His gut still ached. Whether from the poison itself or the healing afterward he couldn't be sure-he didn't ask questions. The sight of food still made him nauseous, and he had to stop now and again as he walked to catch his breath.

Once the sun came up, as it had a short while ago, the only useful shade between the village and the groves came from the brim of a borrowed straw hat. There was no point to leaving the path to rest; when he got tired, he just sat down where he was, back to the east, where the sun was climbing, and making the most of what the hat and his shoulders gave him. With his eyes closed and his mind as empty as only a veteran templar could make it, he waited for his pulse and gut to settle.

They did, and before the hat got hot enough to burst into flames. He rubbed his eyes, got to his feet and, because he was a templar and was accustomed to having enemies, spun slowly on his heels, scanning his surroundings for anything that didn't belong. Nothing man-shaped-Ruari-shaped-had appeared, but there was something new, something to make him squint into the shimmering heat-bands along the southern horizon, the Urik horizon.

A fist-sized dust plume billowed there, raised-if he could believe his eyes-by a horde of black dots beneath it.

His first self-centered thought put Elabon Escrissar's name on one of those fast-moving dots, and he'd started back toward the village before common sense regained a foothold in his mind. He knew the whole story of Quraite, zameeka, Ral's Breath, and Laq, and how he, himself, had gotten bound up in it. But, there was no reason-no reason at all-for anyone in Urik to think a third-rank templar with a forty-gold-piece price on his head had found refuge at a distant druid oasis.

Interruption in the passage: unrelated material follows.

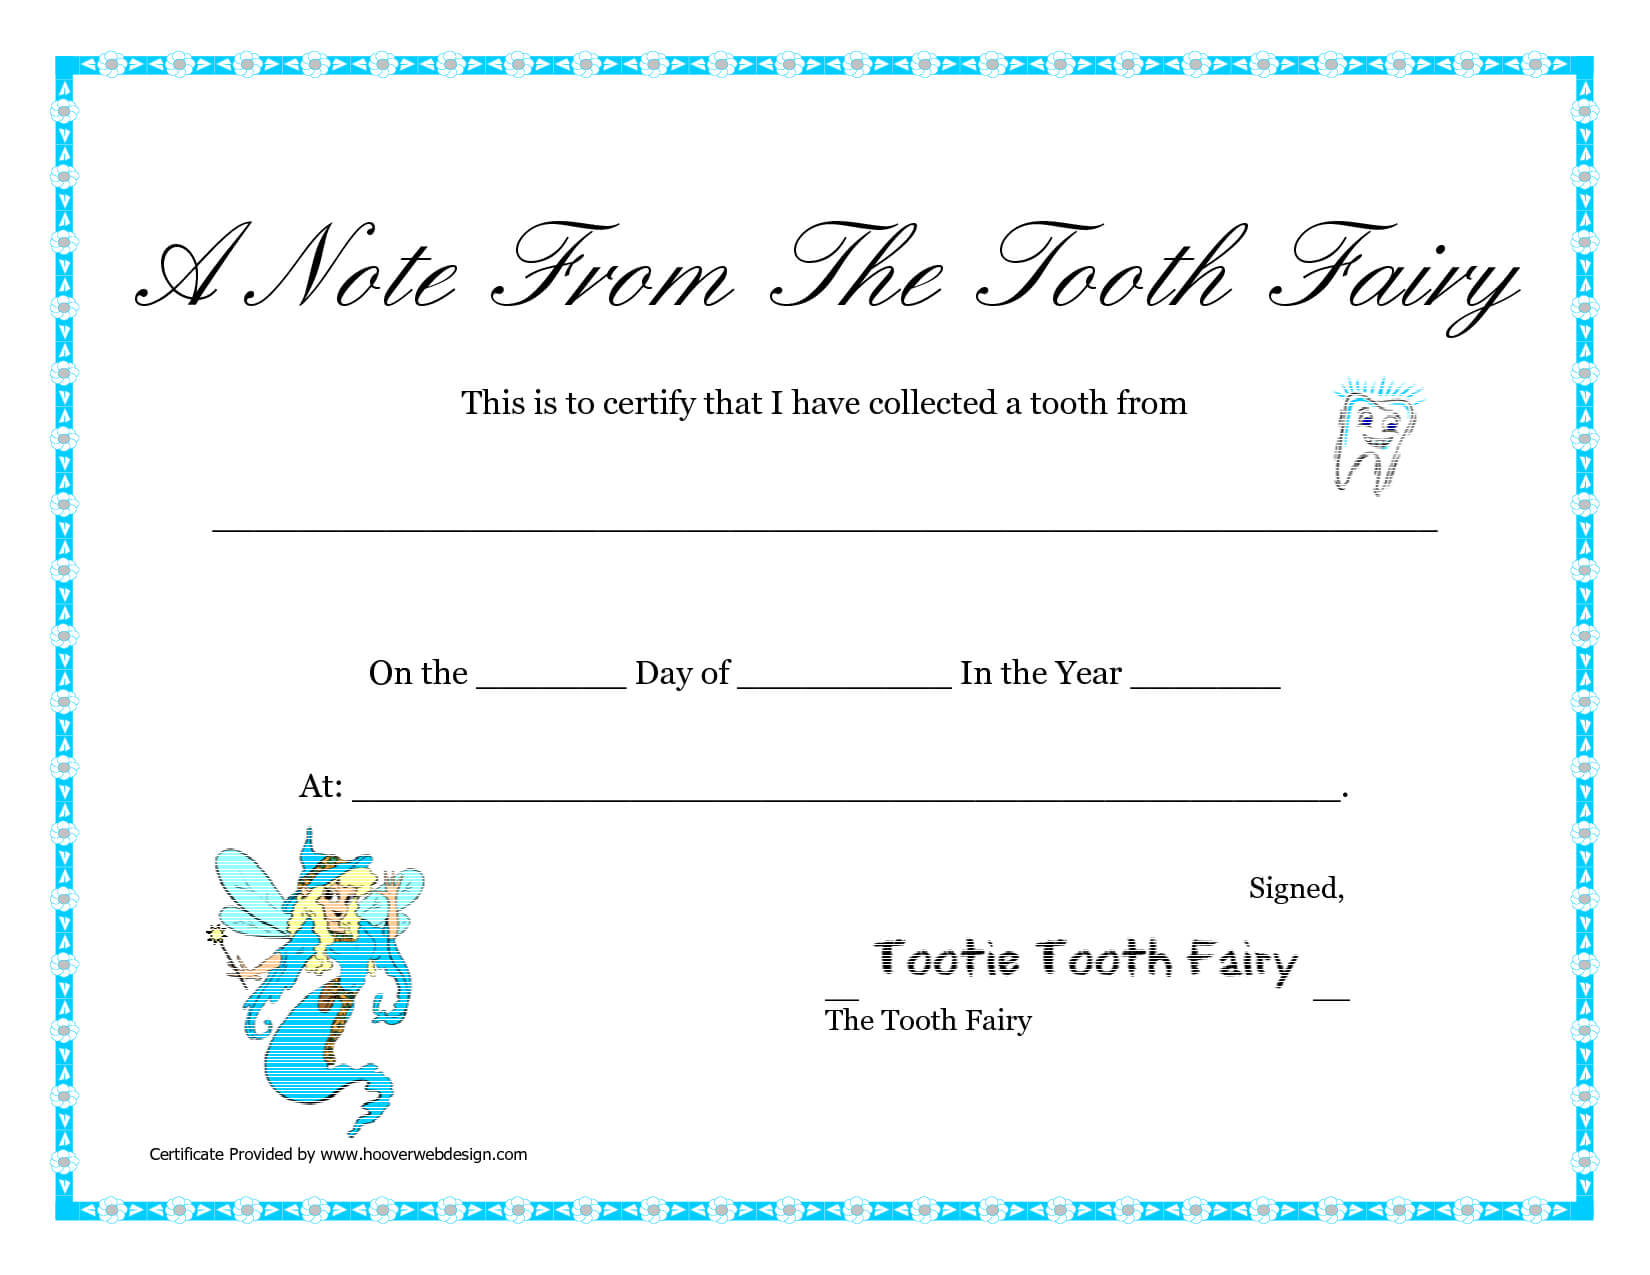 Free Tooth Fairy Certificate Template : Free Printable Tooth Fairy Letter T...

There was no reason to think anyone in Urik knew Quraite's name and every reason to believe that Telhami and the guardian kept its precise location a well-secured secret.

So h

e turned about-face, retraced a hundred paces, and stopped again.

Something was on the salt plain. Maybe it would skirt the guarded land; he wasn't at all certain how Quraite's protective magic worked. But, maybe it wouldn't. Maybe the druids would know the instant a stranger set foot in their, private wilderness. But, maybe they wouldn't. There were trees everywhere, trees as high as the walls of Urik, without battlements and watchtowers.

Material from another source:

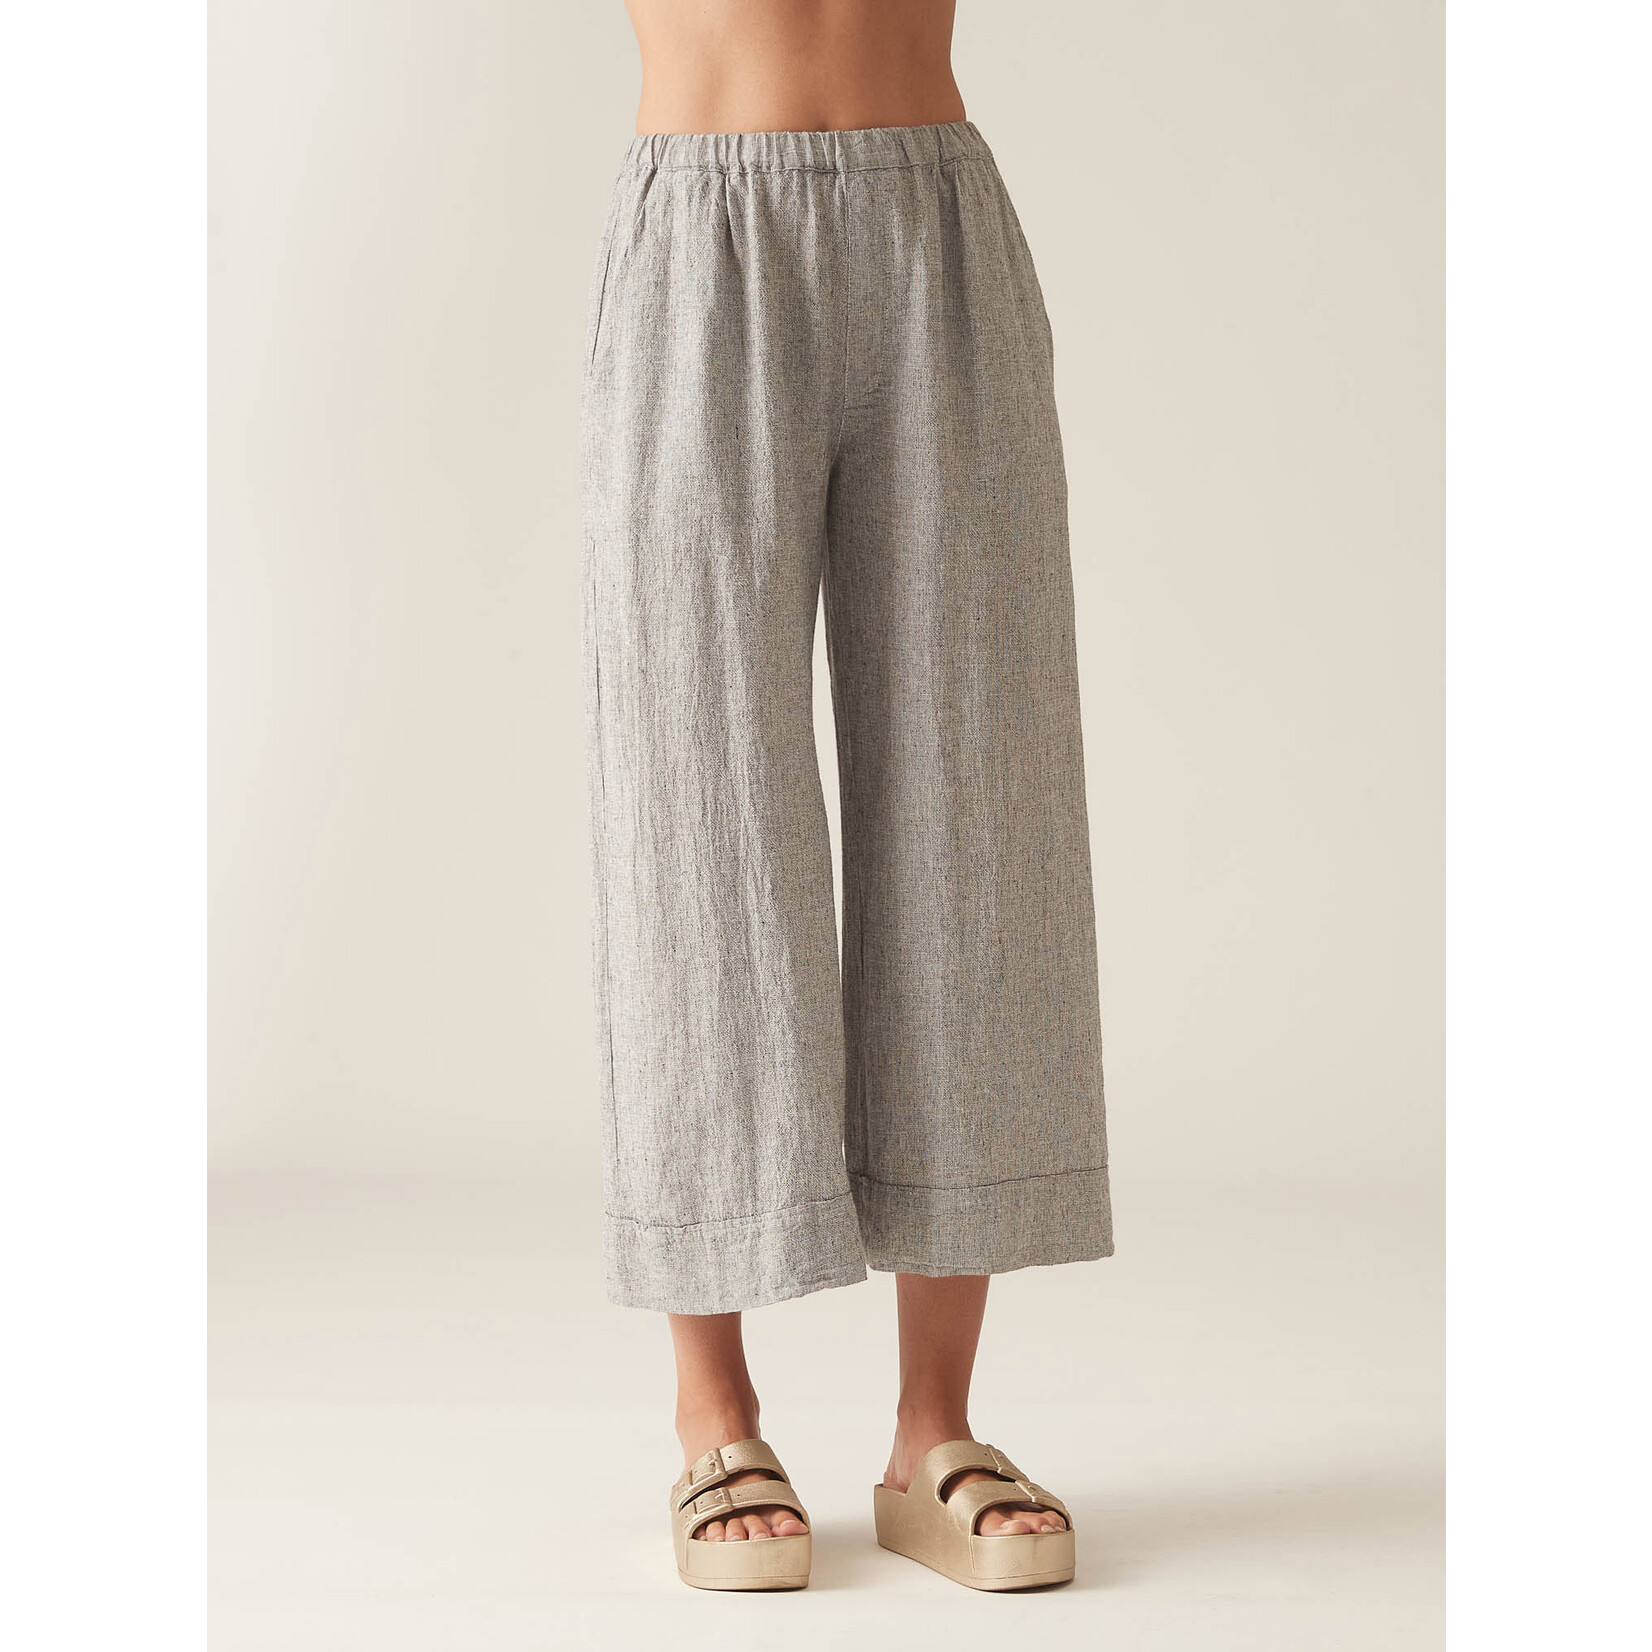 Wide Leg Crop Pant in Gray and White Check

Regulators patrolled the Urik walls sometimes, when King Hamanu dragged the war bureau off on campaign. It was light duty with clear-cut orders: Report what you see, within the walls or outside them. Do your duty and let superiors make the decisions.

Pavek spun around again and headed for the village.

The broad green crown of village trees loomed in front of him, distinct from the dust plume, which had not grown noticeably. Another black dot had appeared between him and the village. It was moving, growing, coming toward him, resolving itself into a dwarf's stocky silhouette.

Yohan, and immensely relieved that he wasn't going to have to trek all the way to Telhami's grove to deliver his message. The dwarf spoke first: "The elves are coming, they'll be here by midday. Grandmother and the others are waiting for them in the village. No lessons today."

"Elves?" Pavek stared at the dust cloud, asking himself if that was what he saw.

"Moonracers. The whole tribe of them, and their herd. And a barrel or two of honey-ale."

The dwarf came close and clapped him across the back, as casual a gesture as they'd exchanged, but his thoughts were still on the elves.